Wednesday, May 21, 2008

Lessons I've Learned the Hard Way this Week


A few weeks ago I planted a garden, with peas, spinach, lettuce, carrots and broccoli, and they were doing SO good. In fact, the spinach probably would have been ready to eat next week. Would have.... except that a few days ago I noticed that there were swarms of ants building cities in between my lettuce and broccoli. They had eaten holes in almost all of the lettuce leaves and were swarming all over the broccoli plants. I looked on-line about how to get rid of them and one lady suggested that you spray a mixture of vegetable oil and dish soap on the leaves, to kill the aphids and get rid of the ants. Another suggested to sprinkle baking powder and corn meal on the ground and that would keep the ants away. Excited to be rid of the city of ant on my beautiful lettuce I went out and sprayed ALL the plants (except the carrots and the peas) with the vegetable oil and dish soap stuff and sprinkled baking powder and corn meal all over.

The next morning I went out and I found a MESS! My lettuce had turned brown and all but shriveled up, the leaves on the broccoli had turned yellow and crispy and the spinach had weird white blots all over it! And there were still about a THOUSAND ants happily building away! AGGG! I wanted to cry.
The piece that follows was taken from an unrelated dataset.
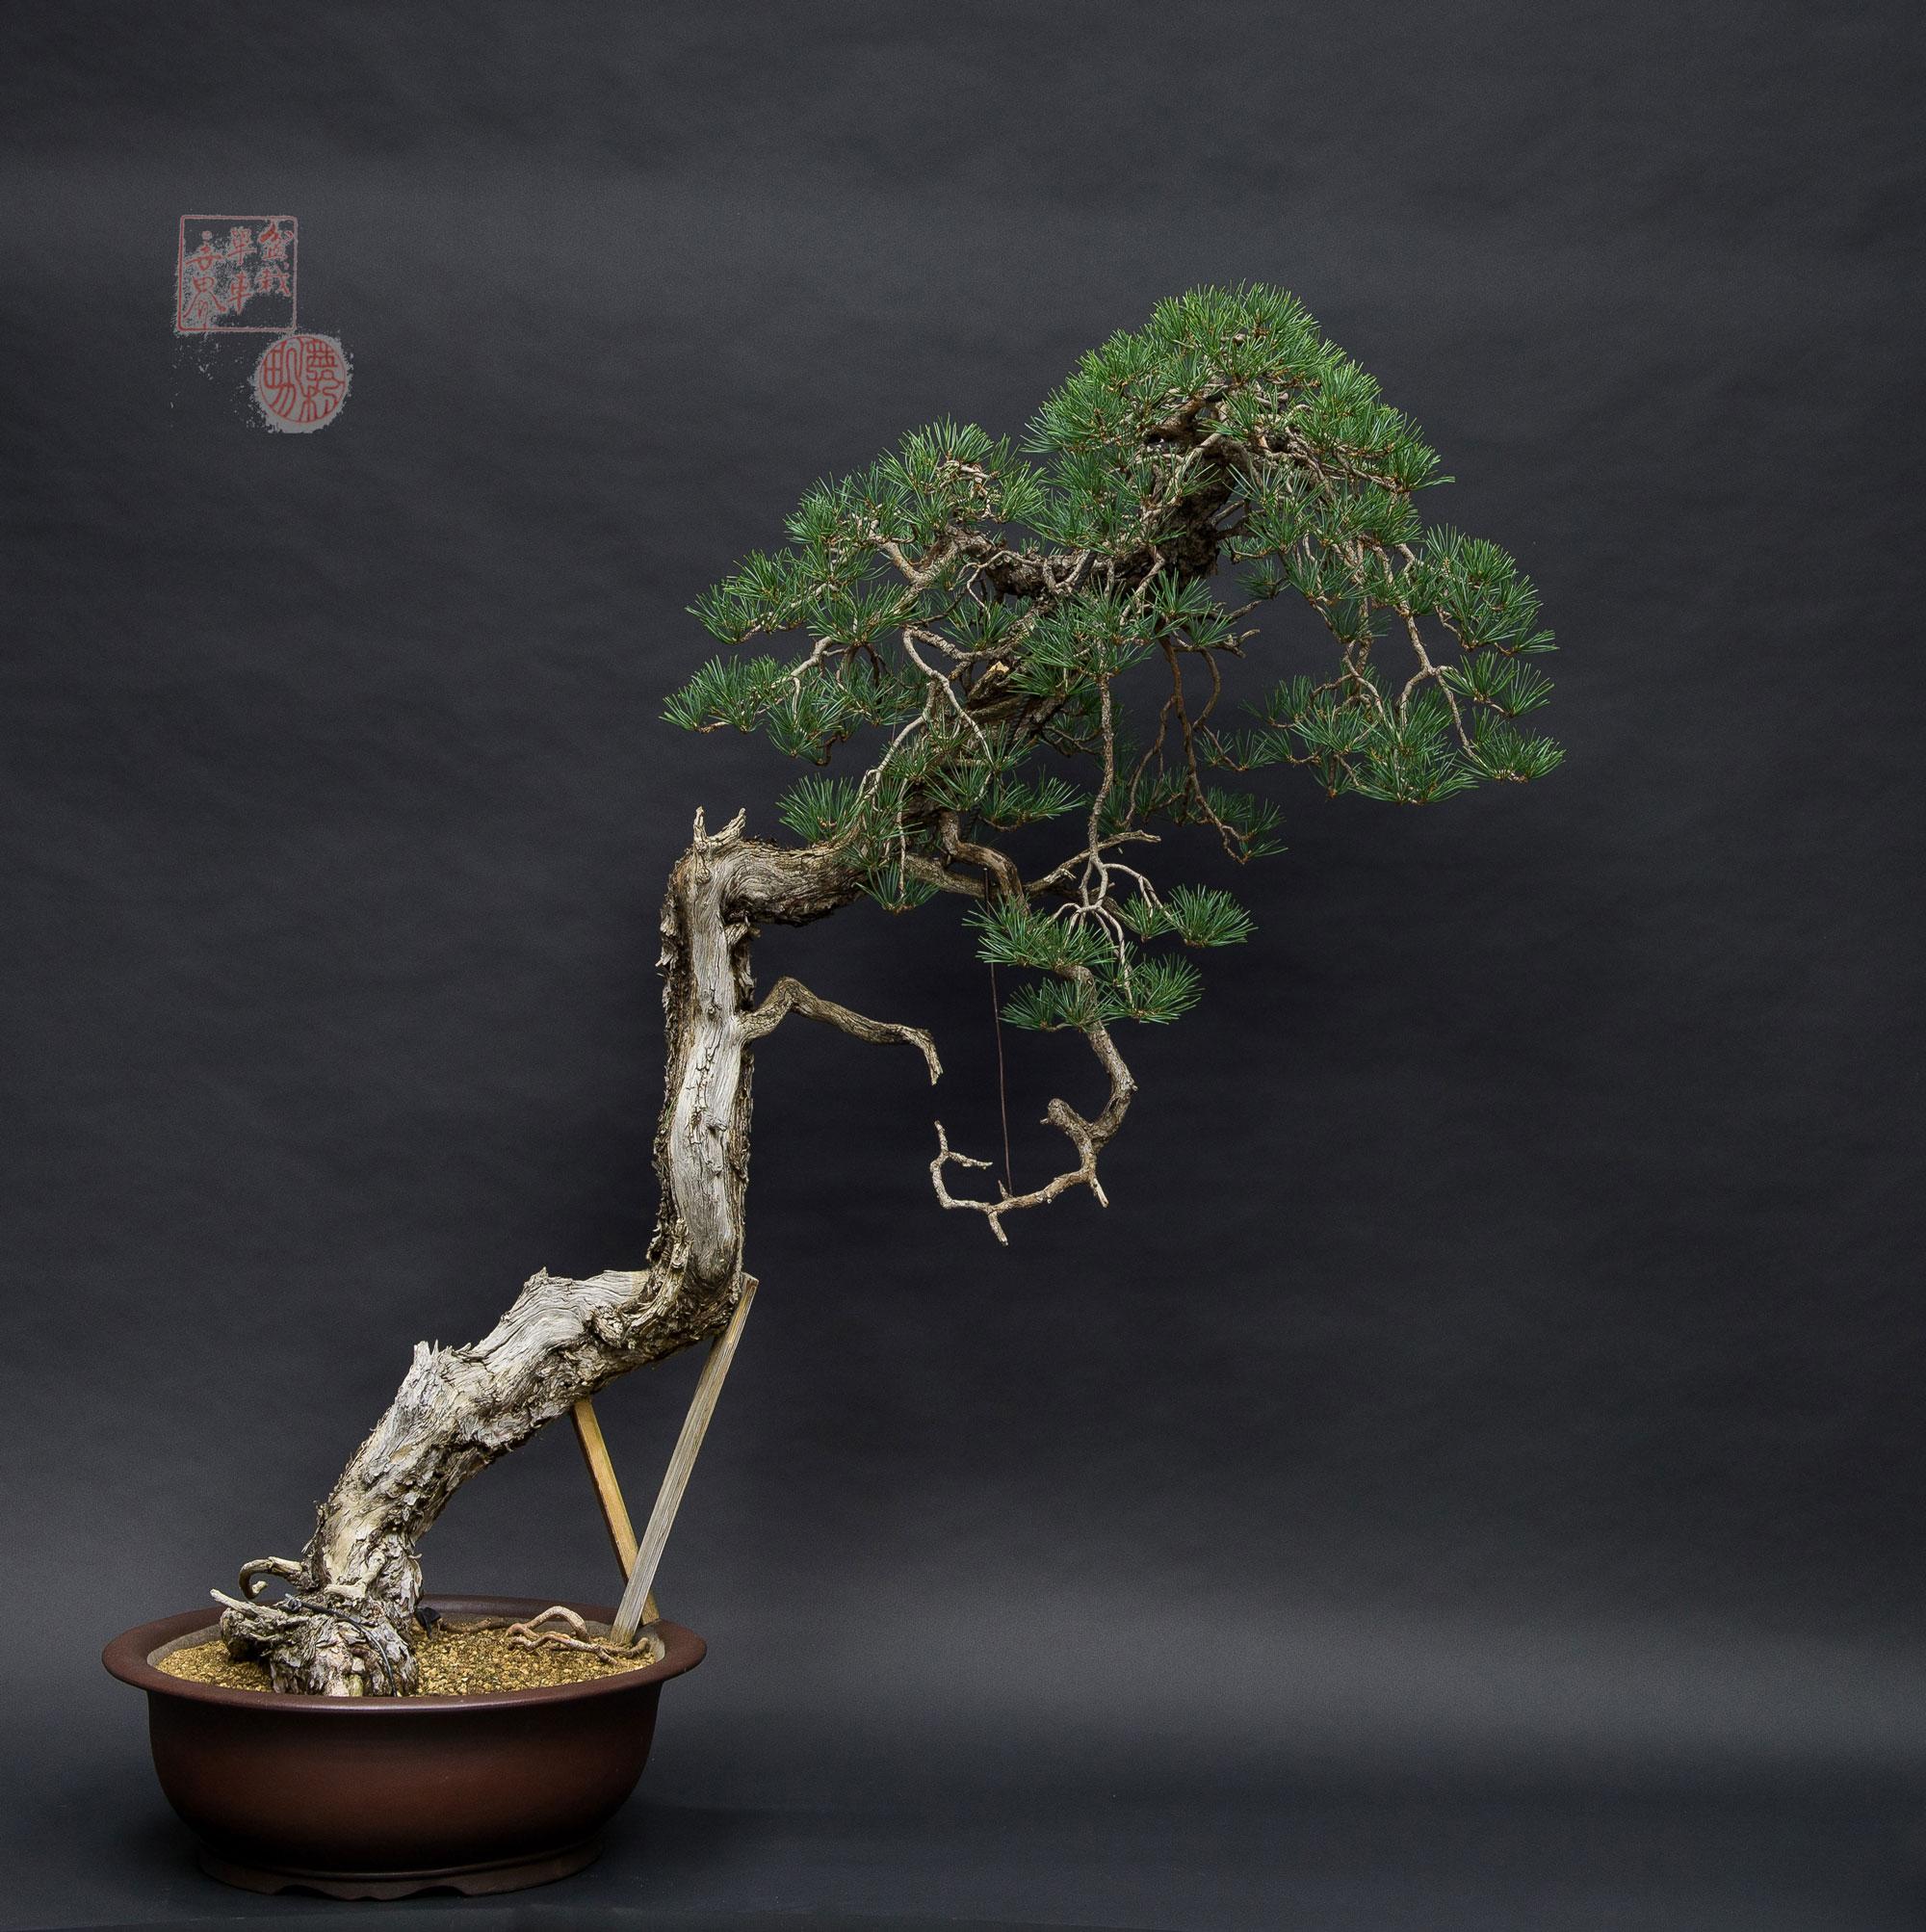 Bonsai de pino silvestris estilo bunjin

My garden was just about ruined, and I'd worked so hard on it!Either there must have been something else hazardous in the bottle I sprayed with, or the people on-line gave me REALLY bad advice.

So here are the lessons I've learned the hard way this week:
1) if you are going to spray something on your plants, test it out on a small part first before you spray the entire garden
2) don't use bottles that you don't know what they had inside of them before
3) ants have a right to live too, and sometimes it might just be better to live with them than try to live without them

1 comment:

Anonymous said...

Oh Baby "{...it's still early in the season and you have some "spinach-time" left if you want to replant ")...I am sure that other gardeners will be thankful to hear your advice.